Exercise —
Please copy each line of the listing that includes the string "Solid".

Available data —
..............................

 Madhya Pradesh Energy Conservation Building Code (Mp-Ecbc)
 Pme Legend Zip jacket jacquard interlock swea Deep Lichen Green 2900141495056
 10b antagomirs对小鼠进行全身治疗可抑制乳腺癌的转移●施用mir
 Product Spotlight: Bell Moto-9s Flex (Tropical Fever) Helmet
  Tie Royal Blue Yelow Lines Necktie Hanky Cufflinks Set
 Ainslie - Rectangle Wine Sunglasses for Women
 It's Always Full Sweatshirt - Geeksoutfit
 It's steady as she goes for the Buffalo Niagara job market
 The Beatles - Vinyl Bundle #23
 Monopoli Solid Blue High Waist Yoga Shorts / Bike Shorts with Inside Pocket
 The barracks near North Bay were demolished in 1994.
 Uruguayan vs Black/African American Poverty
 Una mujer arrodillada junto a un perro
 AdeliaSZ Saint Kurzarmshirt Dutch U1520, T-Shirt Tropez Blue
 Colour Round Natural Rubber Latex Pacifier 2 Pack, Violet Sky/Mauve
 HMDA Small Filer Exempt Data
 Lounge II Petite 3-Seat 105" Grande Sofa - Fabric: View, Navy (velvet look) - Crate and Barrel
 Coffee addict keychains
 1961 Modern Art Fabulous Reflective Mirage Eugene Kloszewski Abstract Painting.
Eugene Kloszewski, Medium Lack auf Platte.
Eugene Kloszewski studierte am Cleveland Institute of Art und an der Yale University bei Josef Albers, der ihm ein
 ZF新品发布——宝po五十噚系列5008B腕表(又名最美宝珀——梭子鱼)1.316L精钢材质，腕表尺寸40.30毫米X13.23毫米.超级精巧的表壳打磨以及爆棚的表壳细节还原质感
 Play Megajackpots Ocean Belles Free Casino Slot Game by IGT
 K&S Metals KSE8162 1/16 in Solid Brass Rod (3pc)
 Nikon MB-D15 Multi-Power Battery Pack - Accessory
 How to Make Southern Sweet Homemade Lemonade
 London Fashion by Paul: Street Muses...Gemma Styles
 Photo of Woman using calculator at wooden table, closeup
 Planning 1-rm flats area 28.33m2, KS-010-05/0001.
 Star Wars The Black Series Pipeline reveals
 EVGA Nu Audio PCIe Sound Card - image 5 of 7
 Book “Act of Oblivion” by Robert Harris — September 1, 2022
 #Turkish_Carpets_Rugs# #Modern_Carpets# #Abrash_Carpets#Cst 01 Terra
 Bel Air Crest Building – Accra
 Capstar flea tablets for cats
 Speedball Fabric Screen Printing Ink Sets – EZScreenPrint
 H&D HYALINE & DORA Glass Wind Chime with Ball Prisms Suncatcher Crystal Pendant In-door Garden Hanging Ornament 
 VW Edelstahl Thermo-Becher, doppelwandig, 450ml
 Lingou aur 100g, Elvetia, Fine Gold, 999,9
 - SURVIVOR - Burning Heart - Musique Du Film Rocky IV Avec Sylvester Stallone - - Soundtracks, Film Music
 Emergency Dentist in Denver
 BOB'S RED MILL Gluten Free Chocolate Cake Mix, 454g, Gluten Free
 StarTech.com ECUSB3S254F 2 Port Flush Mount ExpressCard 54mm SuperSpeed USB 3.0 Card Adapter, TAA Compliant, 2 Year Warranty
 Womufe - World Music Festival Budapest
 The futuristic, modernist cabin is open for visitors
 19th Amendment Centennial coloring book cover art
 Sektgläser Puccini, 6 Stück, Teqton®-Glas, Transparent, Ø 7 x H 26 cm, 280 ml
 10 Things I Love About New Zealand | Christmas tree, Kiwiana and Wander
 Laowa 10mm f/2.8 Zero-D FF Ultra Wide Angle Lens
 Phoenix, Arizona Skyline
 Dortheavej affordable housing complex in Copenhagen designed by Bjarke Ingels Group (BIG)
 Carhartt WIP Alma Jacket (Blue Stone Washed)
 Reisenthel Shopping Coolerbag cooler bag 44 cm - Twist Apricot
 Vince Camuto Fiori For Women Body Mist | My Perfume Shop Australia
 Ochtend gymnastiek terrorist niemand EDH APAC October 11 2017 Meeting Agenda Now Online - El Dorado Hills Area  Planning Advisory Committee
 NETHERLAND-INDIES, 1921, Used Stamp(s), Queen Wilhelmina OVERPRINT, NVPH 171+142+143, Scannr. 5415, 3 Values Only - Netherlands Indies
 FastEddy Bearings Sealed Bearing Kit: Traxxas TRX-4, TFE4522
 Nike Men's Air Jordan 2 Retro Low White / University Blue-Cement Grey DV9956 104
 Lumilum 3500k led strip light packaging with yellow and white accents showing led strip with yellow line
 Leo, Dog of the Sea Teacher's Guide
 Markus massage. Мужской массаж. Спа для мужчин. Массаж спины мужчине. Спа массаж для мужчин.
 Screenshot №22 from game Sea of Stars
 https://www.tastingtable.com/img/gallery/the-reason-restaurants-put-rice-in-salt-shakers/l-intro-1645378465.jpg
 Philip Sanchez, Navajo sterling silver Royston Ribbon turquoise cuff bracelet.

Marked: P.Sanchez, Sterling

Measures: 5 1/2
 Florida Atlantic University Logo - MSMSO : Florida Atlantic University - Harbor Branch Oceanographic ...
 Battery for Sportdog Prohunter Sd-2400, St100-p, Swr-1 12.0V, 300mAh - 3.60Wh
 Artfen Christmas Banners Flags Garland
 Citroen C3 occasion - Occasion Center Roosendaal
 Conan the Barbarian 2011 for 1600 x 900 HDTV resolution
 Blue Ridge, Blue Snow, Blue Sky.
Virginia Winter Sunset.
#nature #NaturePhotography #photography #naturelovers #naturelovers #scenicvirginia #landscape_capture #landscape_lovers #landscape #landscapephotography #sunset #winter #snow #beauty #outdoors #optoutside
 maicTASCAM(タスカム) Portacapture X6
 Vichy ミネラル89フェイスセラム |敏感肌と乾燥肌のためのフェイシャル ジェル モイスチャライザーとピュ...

..............................

Written solution —
 Monopoli Solid Blue High Waist Yoga Shorts / Bike Shorts with Inside Pocket
 K&S Metals KSE8162 1/16 in Solid Brass Rod (3pc)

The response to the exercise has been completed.